L’étude est loin d’être parfaite sur un plan méthodologique, mais elle vient s’ajouter à une série de publications dont les conclusions sont similaires. Torrentfreak révèle qu’une étude financée par la Commission Européenne, réalisée par l’Institut pour les Etudes Prospectives Technologiques situé à Séville, en Espagne, conclut qu’il n’y a pas d’incidence négative du téléchargement illégal de musique sur la consommation légale. Mieux, il y aurait même un léger effet positif du piratage, quoique plus faible que celui engendré par le streaming légal.
Pour arriver à ces conclusions, les chercheurs ont analysé des données très précises provenant du programme de mesure d’audience Nielsen NetView, en observant les clics opérés pendant toute l’année 2011 par 25 000 internautes répartis à parts égales entre la France, l’Allemagne, l’Italie, l’Espagne et la Grande-Bretagne (on peut donc noter un premier biais dans l’étude, puisque les internautes en question sont des cobayes qui se savent observés, même anonymement, et qui n’ont donc sans doute pas le comportement d’un internaute lambda).
Après avoir écarté ceux qui n’allaient jamais sur des sites liés à la musique, ils ont conservé un échantillon de 19 290 abonnés à internet.
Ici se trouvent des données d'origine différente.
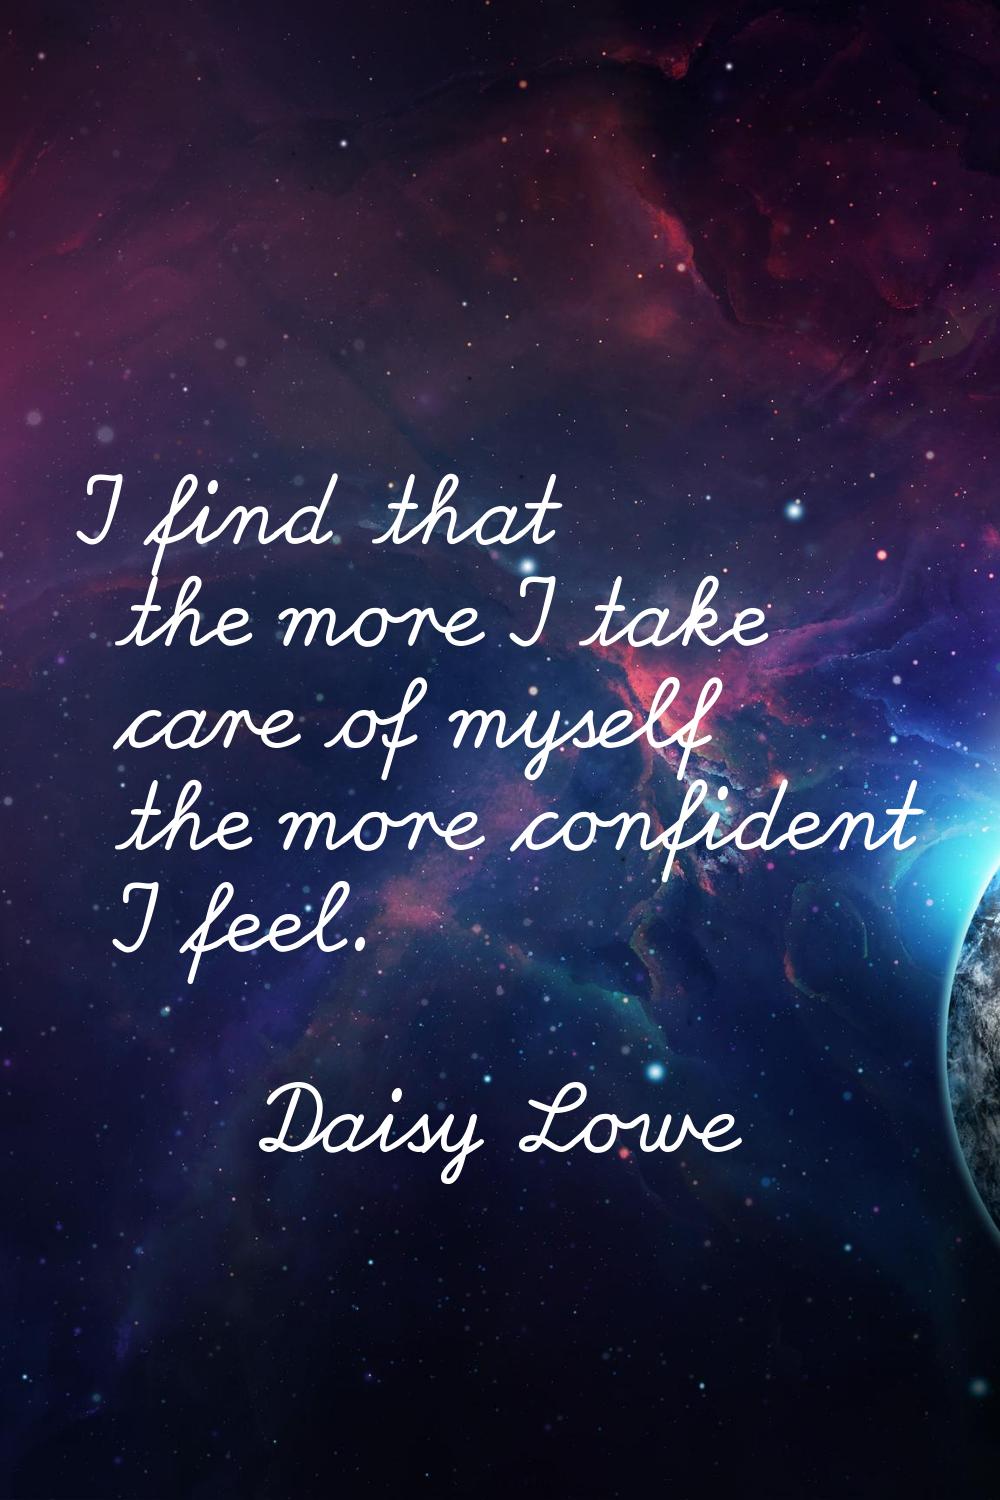 I find that the more I take care of myself the more confident I feel.

Puis, les chercheurs ont isolé 779 sites de consommation musicale, légaux et illégaux, qui ont reçu un total de plus de 4,9 millions de clics. Ils ont alors regardé les relations statistiques entre les visites de sites de téléchargement illégaux, les visites de sites de streaming légaux, et les visites de sites marchands liés à la musique.
« Le piratage de musique ne devrait pas être vu comme un sujet d’inquiétude »
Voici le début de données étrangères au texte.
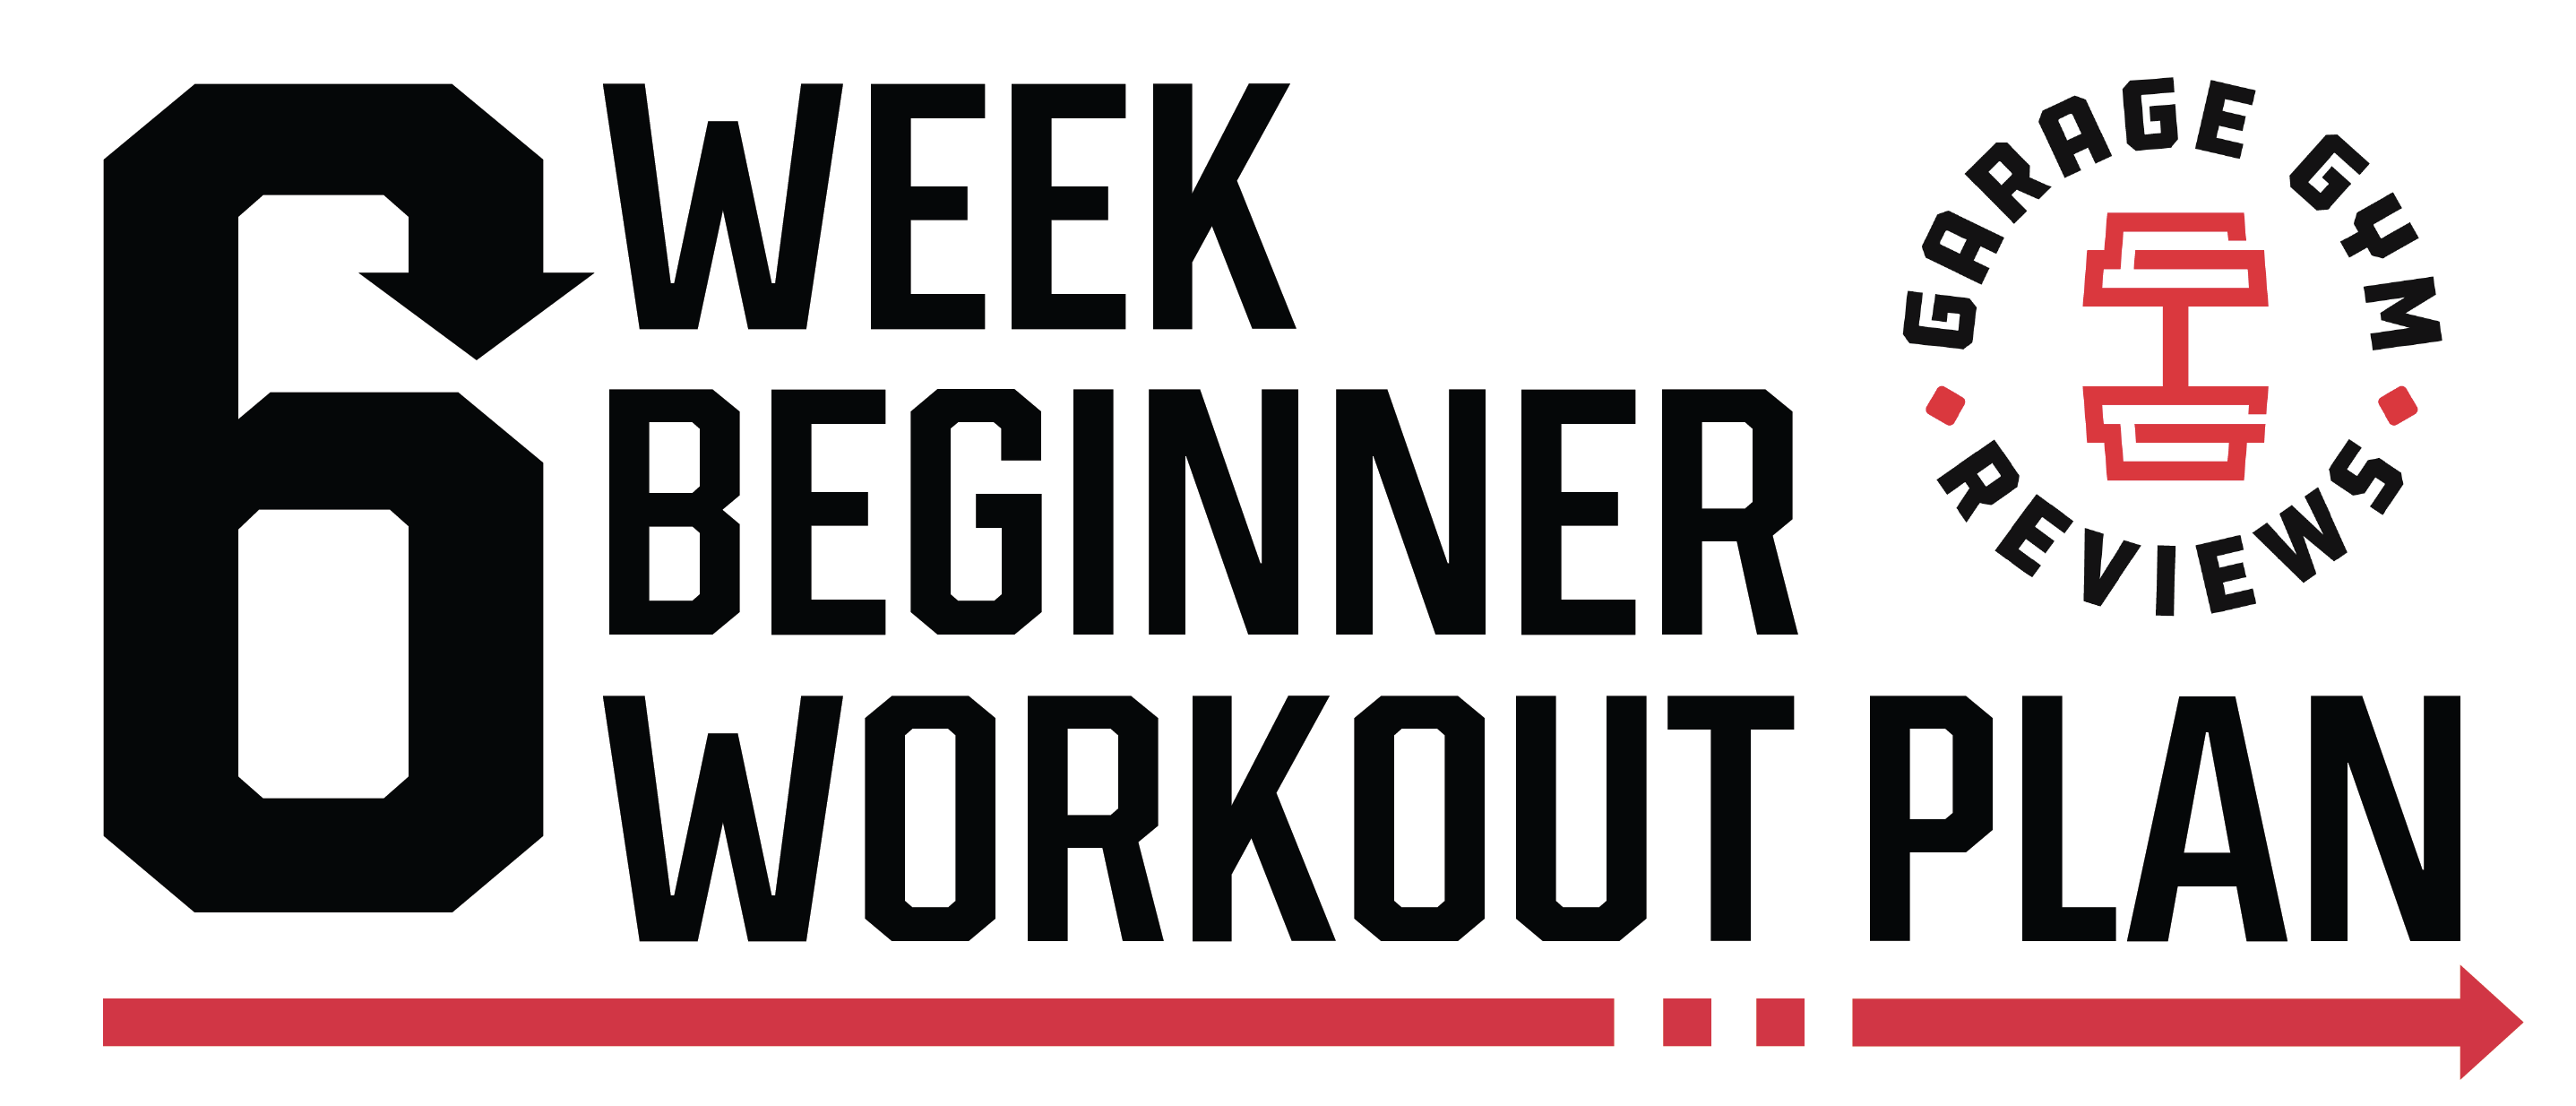 6-Week Beginner Workout Plan and Tips For Getting Started

Selon leurs résultats « une augmentation de 10 % des clics sur les sites de téléchargement illégaux conduit à une augmentation de 0,2 % des clics sur les sites d’achats légaux« . Dit autrement, « cela veut dire que les clics sur les sites d’achats légaux (de musique) auraient été 2 % plus faibles en l’absente de sites de téléchargement illégaux« , et les chercheurs indiquent même que l’effet serait le double en France (malgré Hadopi) et en Grande-Bretagne.
Néanmoins, il est difficile d’en conclure la généralité que le piratage serait bénéfique aux ventes, puisque les sites de streaming légaux ont un effet plus fort encore. 10 % d’augmentation sur les sites de streaming légaux conduirait ainsi à une augmentation de 0,7 % de clics sur les sites d’achat ; et là encore l’effet est plus prononcé en France avec 150 % de clics en plus qu’en Allemagne.
« Tous ces résultats suggèrent que la vaste majorité de la musique qui est consommée illégalement par les particuliers dans notre échantillon n’aurait pas été achetée légalement si les sites de téléchargement illégaux ne leur avaient pas été disponibles (…) Nos conclusions suggèrent que le piratage de musique ne devrait pas être vu comme un sujet d’inquiétude croissant pour les titulaires de droits d’auteur dans l’ère numérique« , écrivent les auteurs de l’étude, Luis Aguiar et Bertin Martens.